# first santa photo?



## love never dies (Jul 31, 2012)

I love these 2 goldens - thanks


----------



## carolynk9 (Nov 16, 2011)

Never too early for a photo like that! Wonderful!


----------



## xoerika620xo (May 25, 2012)

So beautiful I can't wait to take Chester's Christmas photos


----------



## MTCara (Nov 20, 2012)

Lovely! Thank you for the reminder. I need to take my girl out for a pic with Santa this year.


----------



## lalavender (May 26, 2012)

All of my favorite things, Goldens, Santa and a good event. Photos with Santa are the best.


----------



## goldhaven (Sep 3, 2009)

Funny you should post this today. That is what we did this evening.
You are lucky. Our Santa wasn't allowed to touch the dogs.


----------



## Vinnie's Mom (Jun 9, 2012)

I love both Santa portraits!


Sent from my iPhone using Petguide.com Free App


----------



## Zuca's mom (Aug 14, 2012)

Awe, I want to see more Santa portraits! They are so cute.


----------



## kjohnstone82 (Sep 24, 2012)

never too early for cute photos like that!
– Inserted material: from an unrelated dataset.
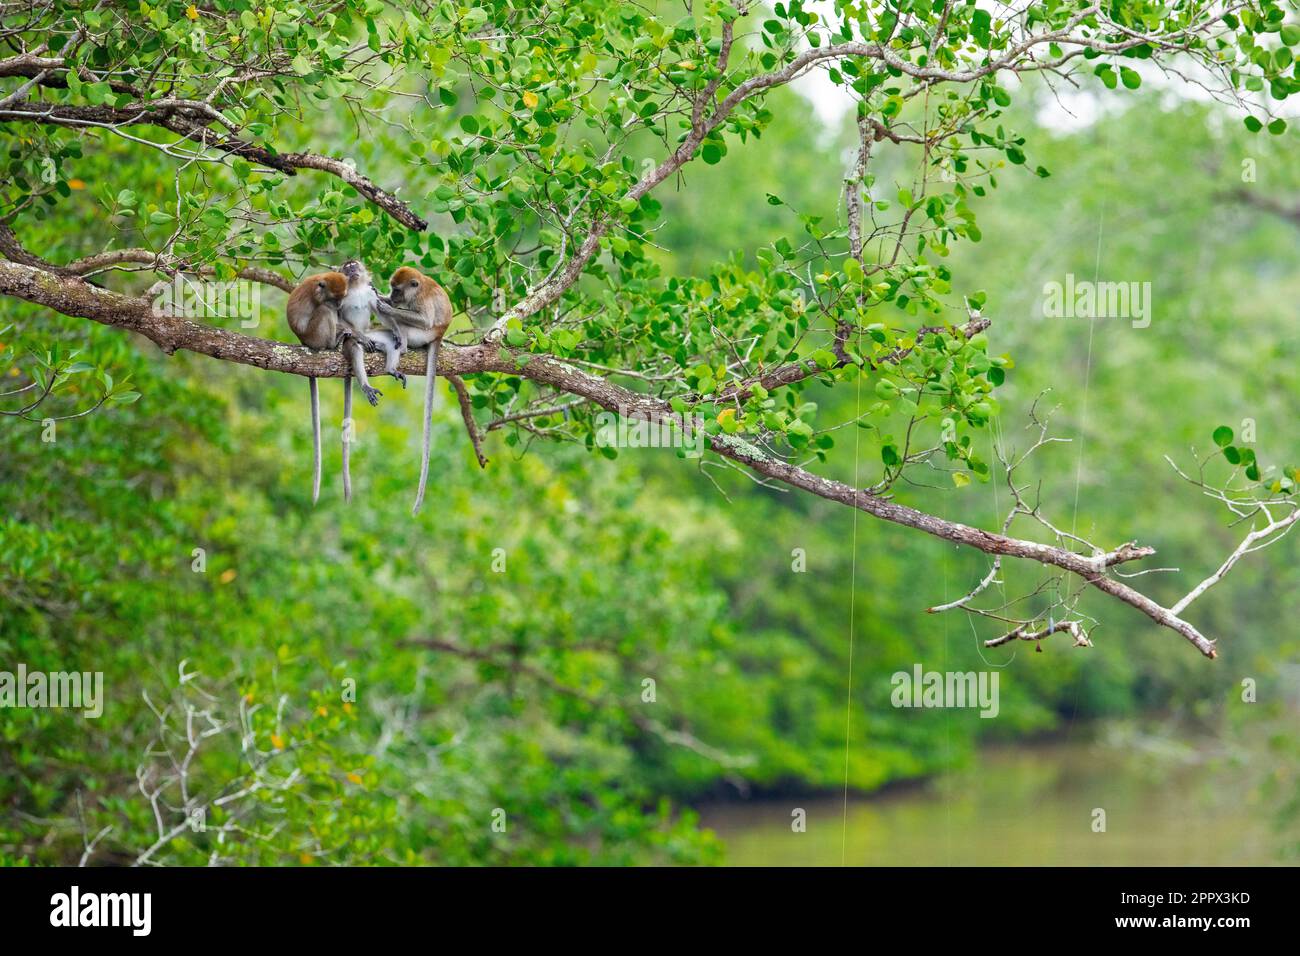 Long tailed macaque sitting on a tree above a mangrove river allogrooming, Singapore Stock Photo

Doubt there is such a thing in Korea as would love to take my two 
:no::no::no::no:


----------



## Neeko13 (Jul 10, 2010)

Both santas photos are awesome!! ::


----------



## Wendy427 (Apr 4, 2009)

Cute pictures! I'm definitely going to check around Columbus to see who's doing Santa pics. Would love to get one of Renny.


----------



## *Laura* (Dec 13, 2011)

Great Santa shots. I hope more come in


----------



## CAROLINA MOM (May 12, 2009)

Love the Santa Photos, they're fantastic!


----------



## Neeko13 (Jul 10, 2010)

Took Molson & Neeko to see Santa today, they were terrific...they were the hit of Petsmart, and their first trip out to see people!!!


----------



## mag&bays mom (Sep 25, 2010)

Great photos everyone. Love seeing Christmas Goldens. 

The mall near us is having a dog night with Santa next Monday and I'm thinking of taking my two. I'm just wondering how they will react to all the people/other dogs and just the mall in general. 


Sent from my iPhone using Petguide.com Free App


----------



## goldhaven (Sep 3, 2009)

Nash666 said:


> Took Molson & Neeko to see Santa today, they were terrific...they were the hit of Petsmart, and their first trip out to see people!!!
> View attachment 122345


I love their little green collars. They are adorable. Great photo.


----------



## Cathy's Gunner (Dec 4, 2008)

Love the Santa pictures!!!!!


----------